I Am Blinded By My Lighting Way

by Crystal Gaze   Apr 4, 2007


I am blinded by my lighting way.
I wonder if this is how it will stay.
I hear myself whispering to the lonely self within.
I want to be free, so just redeem me.
For I am blinded by my lighting way.

I pretend I'm sailing on a silver sea.
I feel the soft breeze caress my hair.
I touch the feathered wings of you.
I worry your not true.
I am blinded by my lighting way

I understand what you have to say.
Your telling me it will be ok.
You understand what I feel, for you feel it too.
You tell me I'm not alone, and that I will soon have a home.
And then suddenly a dream comes to me.
Grasslands as far as the eye can see.
So green and peaceful, I don't believe, there could be such a reality.
I force my self to think of it as just a dream.
But how can my mind conceal such a splendid fantasy?
I regret that I am blinded by my lighting way.

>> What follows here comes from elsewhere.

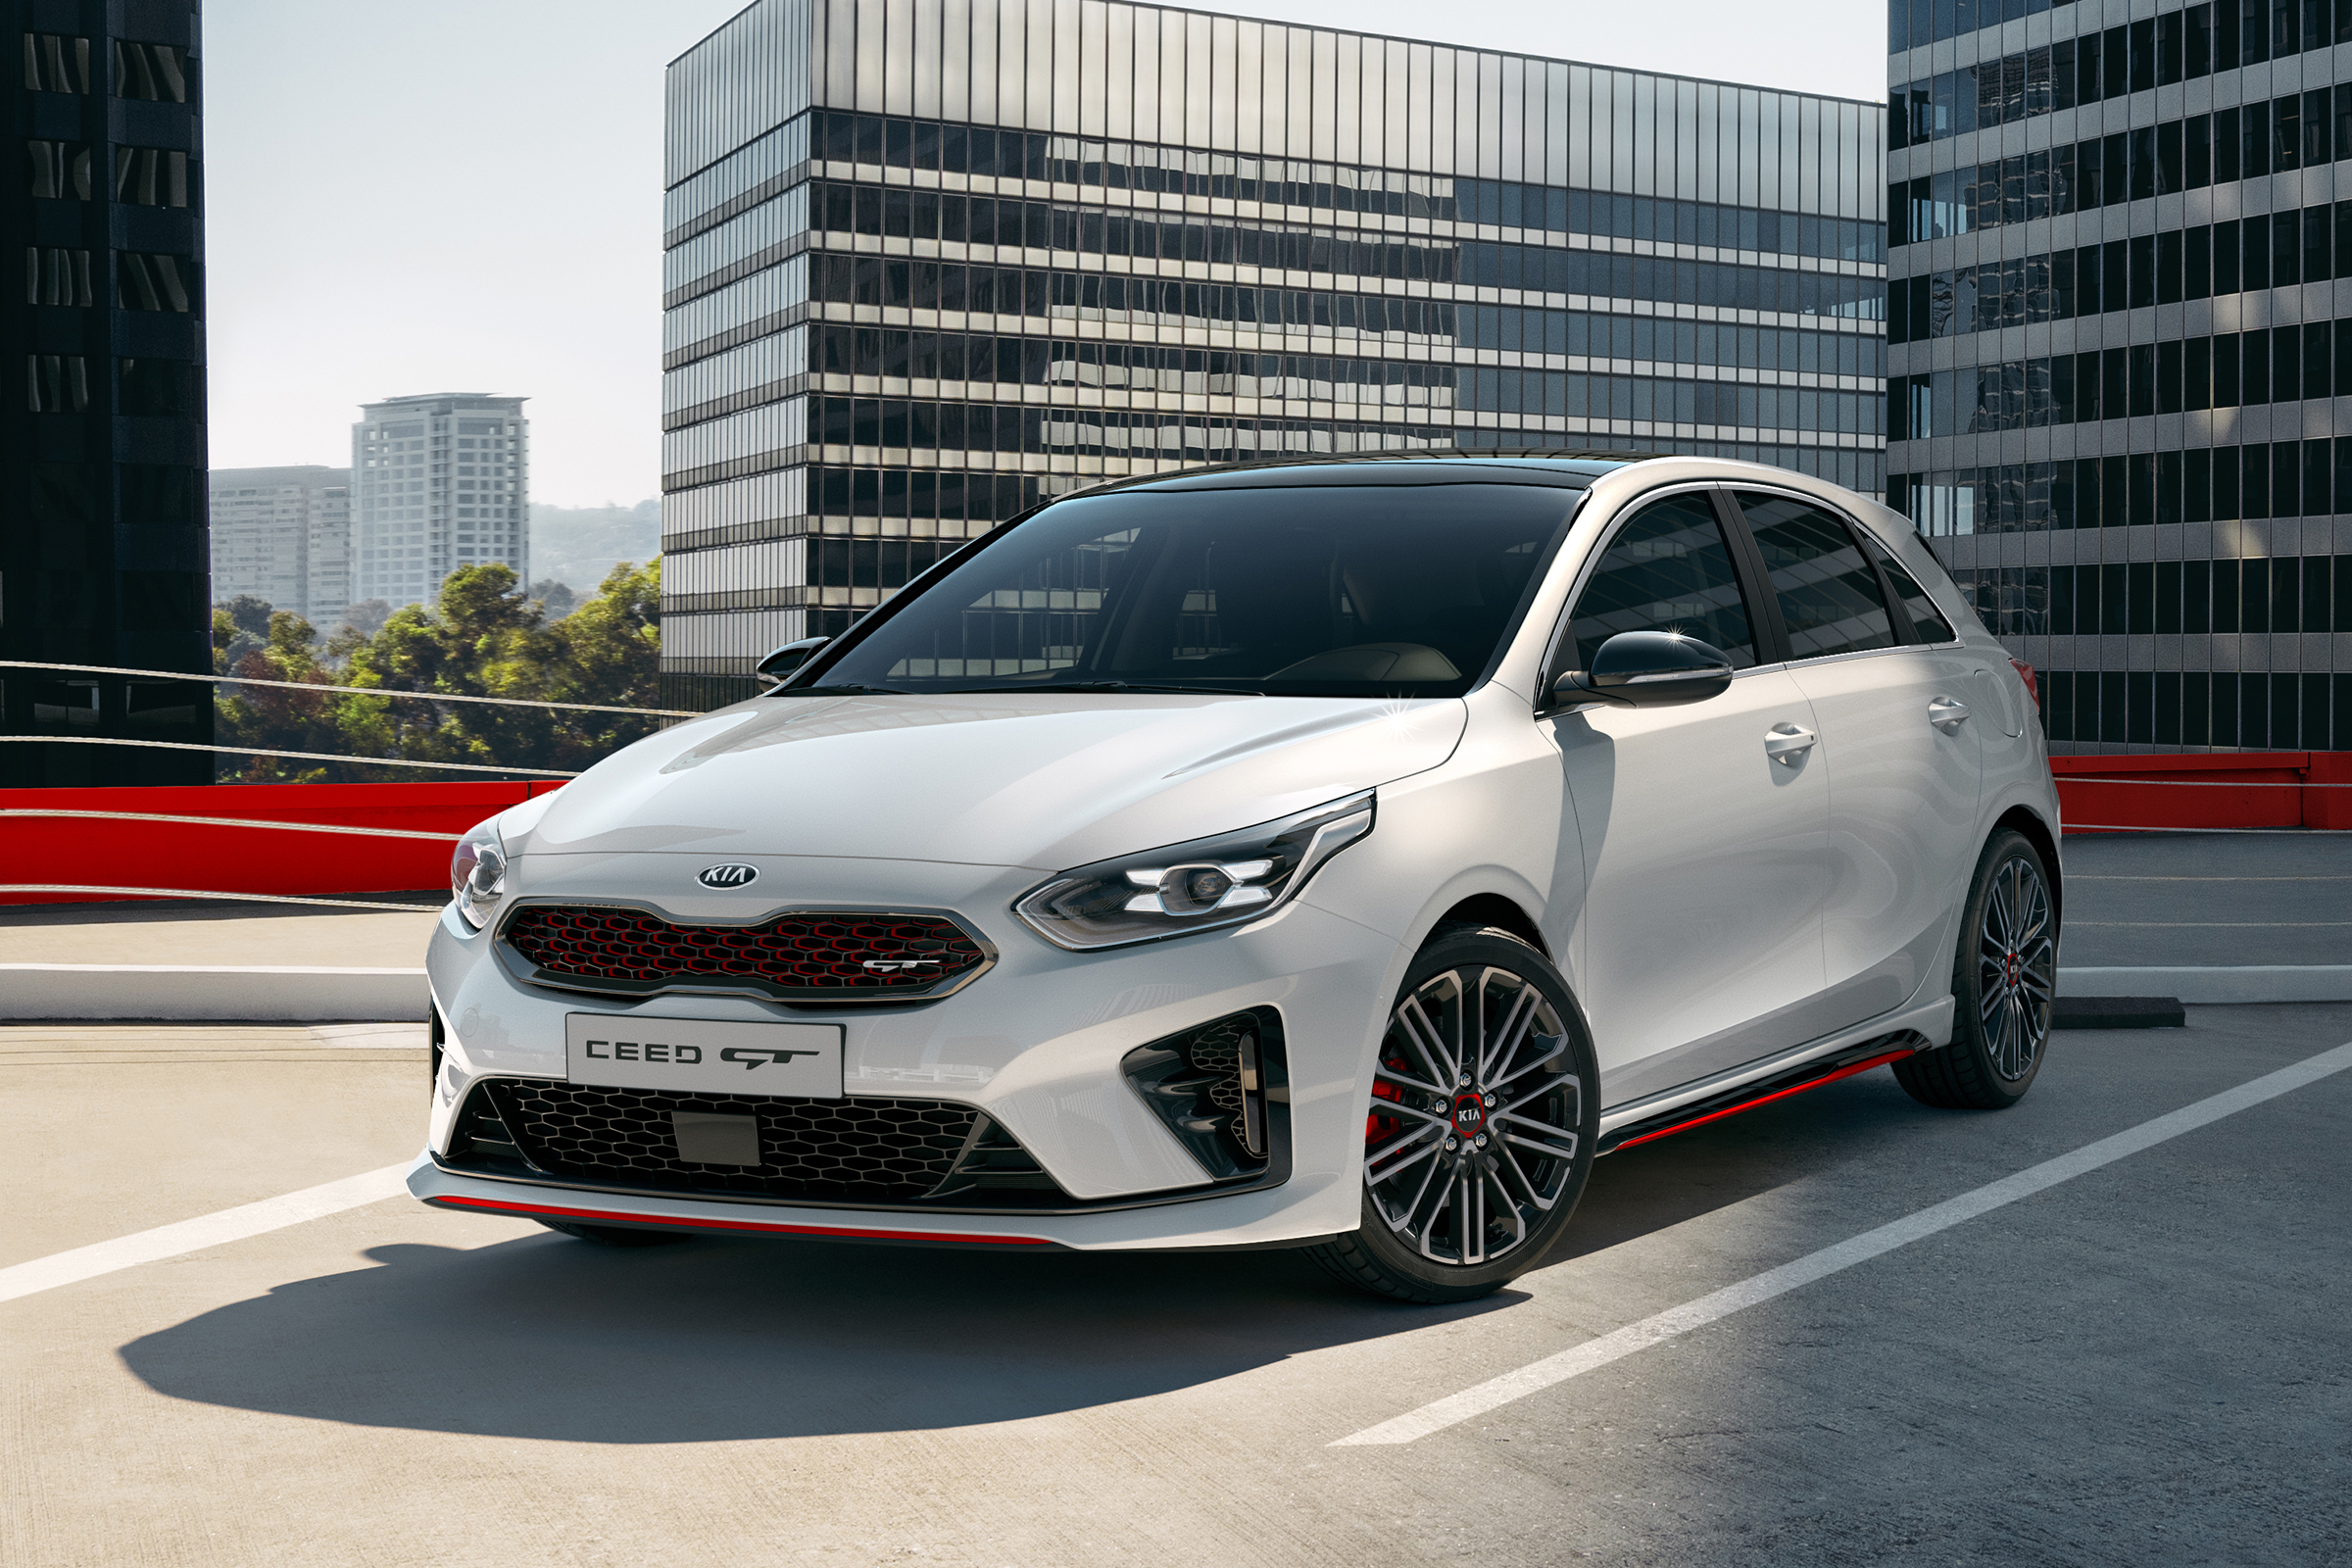 New 2019 Kia Ceed GT prices, specifications and release

Suddenly the dream becomes surreal, but oh how can this be?
Listening to the singing of the dove's,
The sun shinning high above,
I walk along the path and think,
how could time conceal such thing from me?
Keeping me unwhole.
For them to be consoled.
Finding pleasure, in my hurt.
Making me feel like dirt?
Ah but no longer does it hurt!
For I can happily say,
No longer am I blinded, by my lighting way....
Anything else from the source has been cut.